The Liberal Party of Honduras (Spanish: Partido Liberal de Honduras) is a center-right liberal political party in Honduras that was founded in 1891. The party is a member of the Liberal International. The PLH is identified with the color red and white, as the flag Francisco Morazan used in most of his military campaigns during time of the Central American Federal Republic.
At the legislative elections, held on 25 November 2001, the party won 40.8% of the popular vote and 55 out of 128 seats in Congress. Its candidate at the presidential elections, Rafael Pineda Ponce won 44.3%, but was defeated by Ricardo Maduro of the National Party of Honduras.

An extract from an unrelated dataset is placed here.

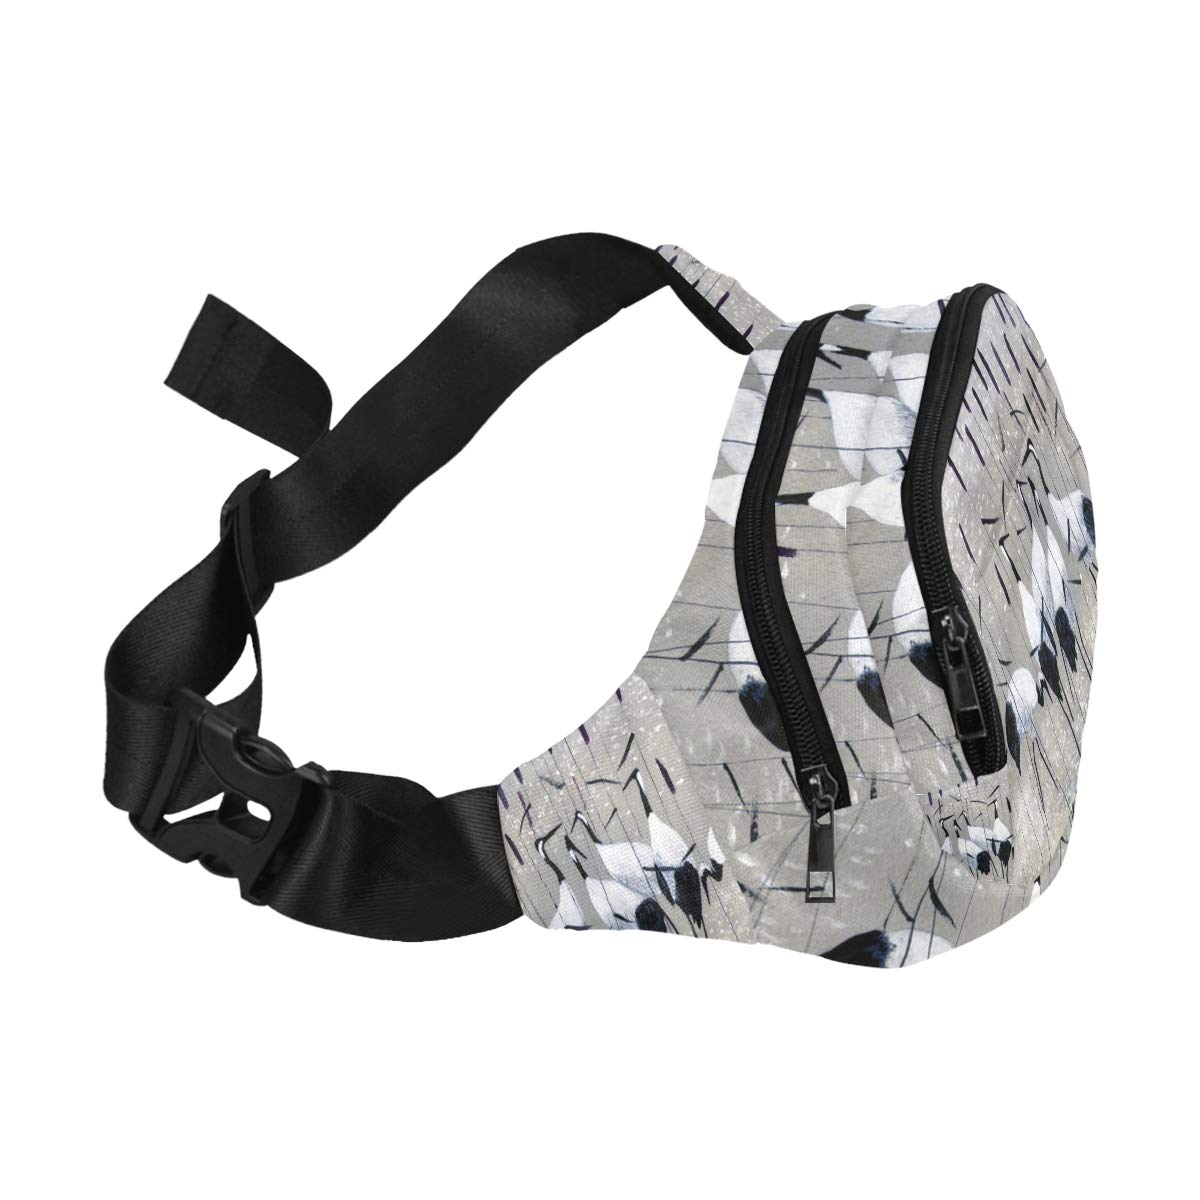 Decorative Oriental Pattern Fenny Packs Waist Bags Adjustable Belt Waterproof Nylon Travel Running Sport Vacation Party For Men Women Boys Girls Kids

The PLH won the closely contested 2005 presidential race, but at the moment[update] the PNH has a majority in the National Congress due to an alliance with the Christian Democrats (Democracia Cristiana).
In the general election of 27 November 2005, the party won 62 out of 128 seats in the National Congress; and its Presidential candidate, Manuel Zelaya, polled 49.9% to defeat the PNH's Porfirio Pepe Lobo, restoring the PLH as the presidential party. He was inaugurated on 27 January 2006.
Elected as a conservative, Zelaya shifted dramatically to the political left during his presidency, forging an alliance with the Hugo Chávez linked ALBA angering conservatives and his own Liberal Party. He was deposed by coup d'état in 2009 and replaced by Roberto Micheletti, also of the Liberal Party.
At the 2009 elections, the first since the 2009 Honduran coup d'état which removed Manuel Zelaya from power, the Liberal Party was heavily defeated by the National Party candidate for president, Porfirio Lobo Sosa winning the presidency with, according to the Electoral Tribunal, over 1,212,846 votes and 56.56% of the national total of valid votes (in all participation as acknowledged by the tribunal was of 41%) compared with 816,874 votes and 38.1% of the national total for Elvin Santos who was the Liberal candidate, and in the elections to the National Congress of Honduras the Liberal Party of Honduras won 45 seats from its previous 61, out of 128 seats in total. The elections were held under a tense political atmosphere without the accustomed OAS observers and under a civil rights restriction decree, with the elected president Zelaya under military siege in the Brazilian embassy at Tegucigalpa. Sectors opposed to the 2009 coup claim the participation was much less than reported by the authorities, but this claim has not been verified.
The party is against the legalization of abortion, which is punishable by imprisonment in Honduras.